This project tests how changes in health insurance market competition affect the generosity of cost-sharing and covered benefits. Past empirical research suggests that reducing insurer competition can increase plan premiums. However, profit-maximizing insurers also choose other plan characteristics, such as copays, deductibles, and covered benefits. When competition decreases, it may be optimal for insurers to reduce the generosity of these benefits as well. Understanding the effect of competition on insurance generosity is crucial for current health policy, as recent insurance market reforms such as the Affordable Care Act rely on competition as the key mechanism for improving access and benefit quality. Despite the policy implications, the literature on the relationship between competition and benefits is limited and conflicting. To test for effects of insurer competition on the generosity of cost-sharing and covered benefits, this project uses a quasi-experimental design that leverages variation in competition in the Medicare Advantage (MA) market. This variation was caused by a change in Medicare policy that required private-fee-for-service (PFFS) plans to form provider networks. In response to this change, many insurers cancelled plans. These cancellations caused variation in competition in the markets where these plans were offered, by reducing insurers'market share or causing insurers to exit the market. To identify causal effects, this study focuses on changes in competition caused by 19 insurers who cancelled all PFFS contracts nationally.
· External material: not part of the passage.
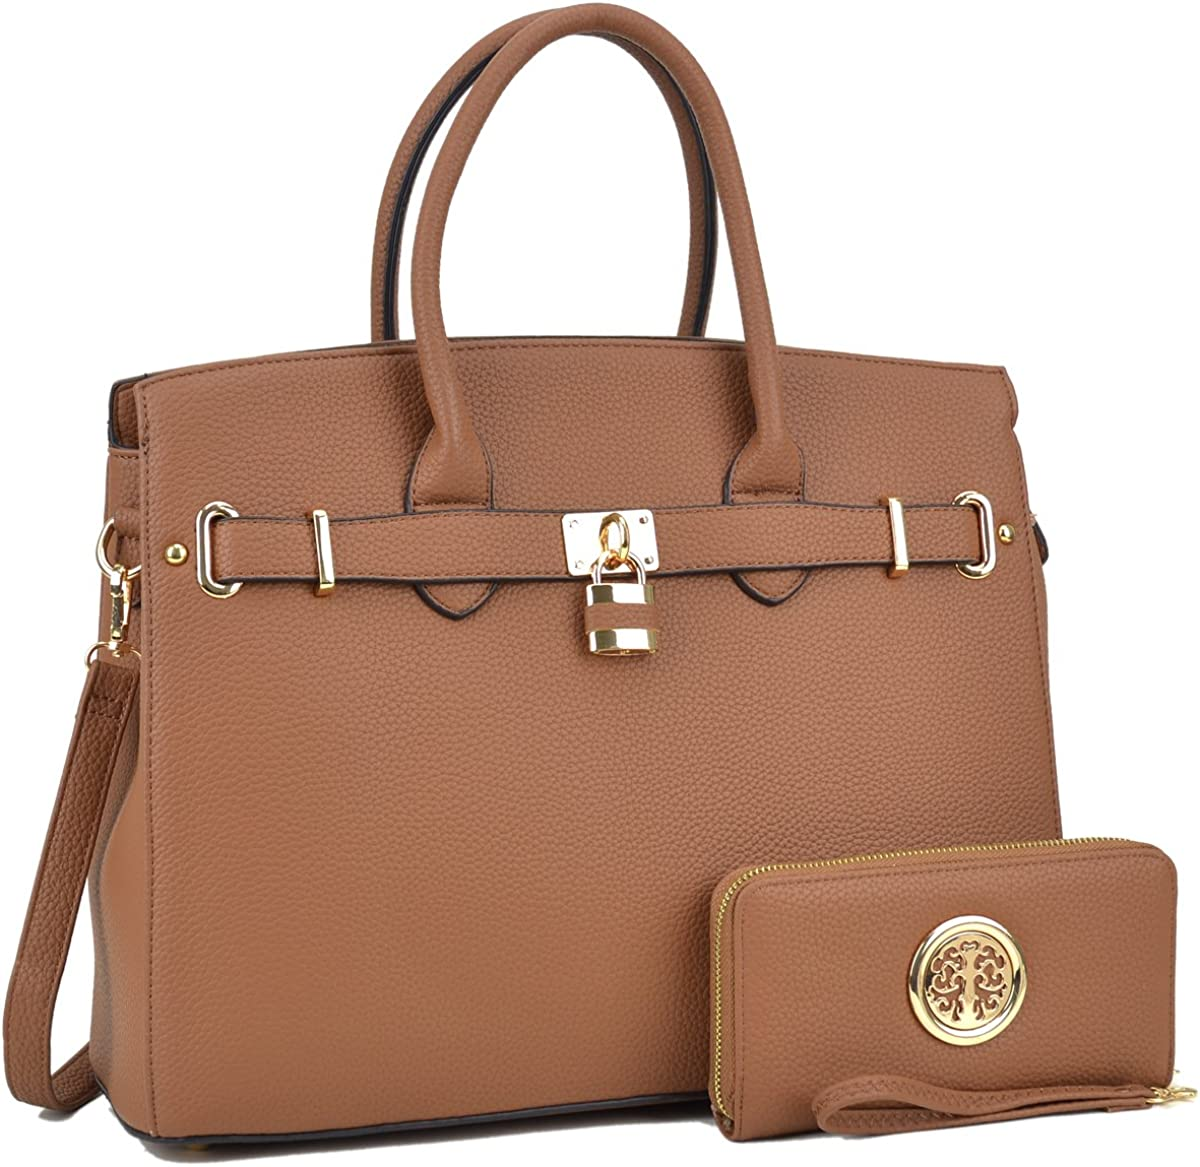 Womens Handbags Stylish Padlock Satchel Tote Handbags with Matching Wallet 2PCs

Changes in competition caused by these cancellations are plausibly unrelated to confounding variables, as these insurers cancelled all PFFS plans rather than selectively exiting less profitable markets.
Aim 1 will test for a relationship between competitio and overall plan generosity, using a modified difference-in-difference (DinD) framework and beneficiary expected out-of-pocket costs, a summary measure of health plan generosity calculated on behalf of Medicare. The modified DinD framework identifies the effects of competition by comparing benefits within markets before and after cancellation and across markets with different levels of cancellation. County- and year-fixed effects help control for unobserved variation in benefits. To further test whether changes are related to changes in competition, differing effects by baseline levels of market competition and differences in plan substitution patterns can be assessed.
Aim 2 uses the same framework to test for effects of competition on deductibles and copays for specific services.
Aim 3 will test whether these effects are mediated by the health risk of enrollees in cancelled plans;for instance, if insurers are operating in markets with sicker enrollees, they may further degrade benefits to deter sicker beneficiaries from enrolling. Data to construct plan shares comes from aggregate, publicly-available Medicare enrollment data;data on benefits comes from the out-of-pocket cost database and Medicare Options Compare. Data on plan-level health risk scores comes from publicly-available plan payment data.
Understanding the effect of insurer competition on health plan generosity is crucial for policy, as recent health insurance coverage expansions such as the Affordable Care Act and Medicare Part D rely on competition to facilitate the affordability of comprehensive coverage. Moreover, though plan features such as copays and deductibles can promote the use of high-value care, if cost-sharing generosity is tied to insurer competition, then benefits in less competitive markets may not be designed to promote economically efficient use of care. As the majority of Americans rely on private insurers to provide health insurance benefits, assessing whether insurer competition affects plan generosity is a key contribution to health policy research.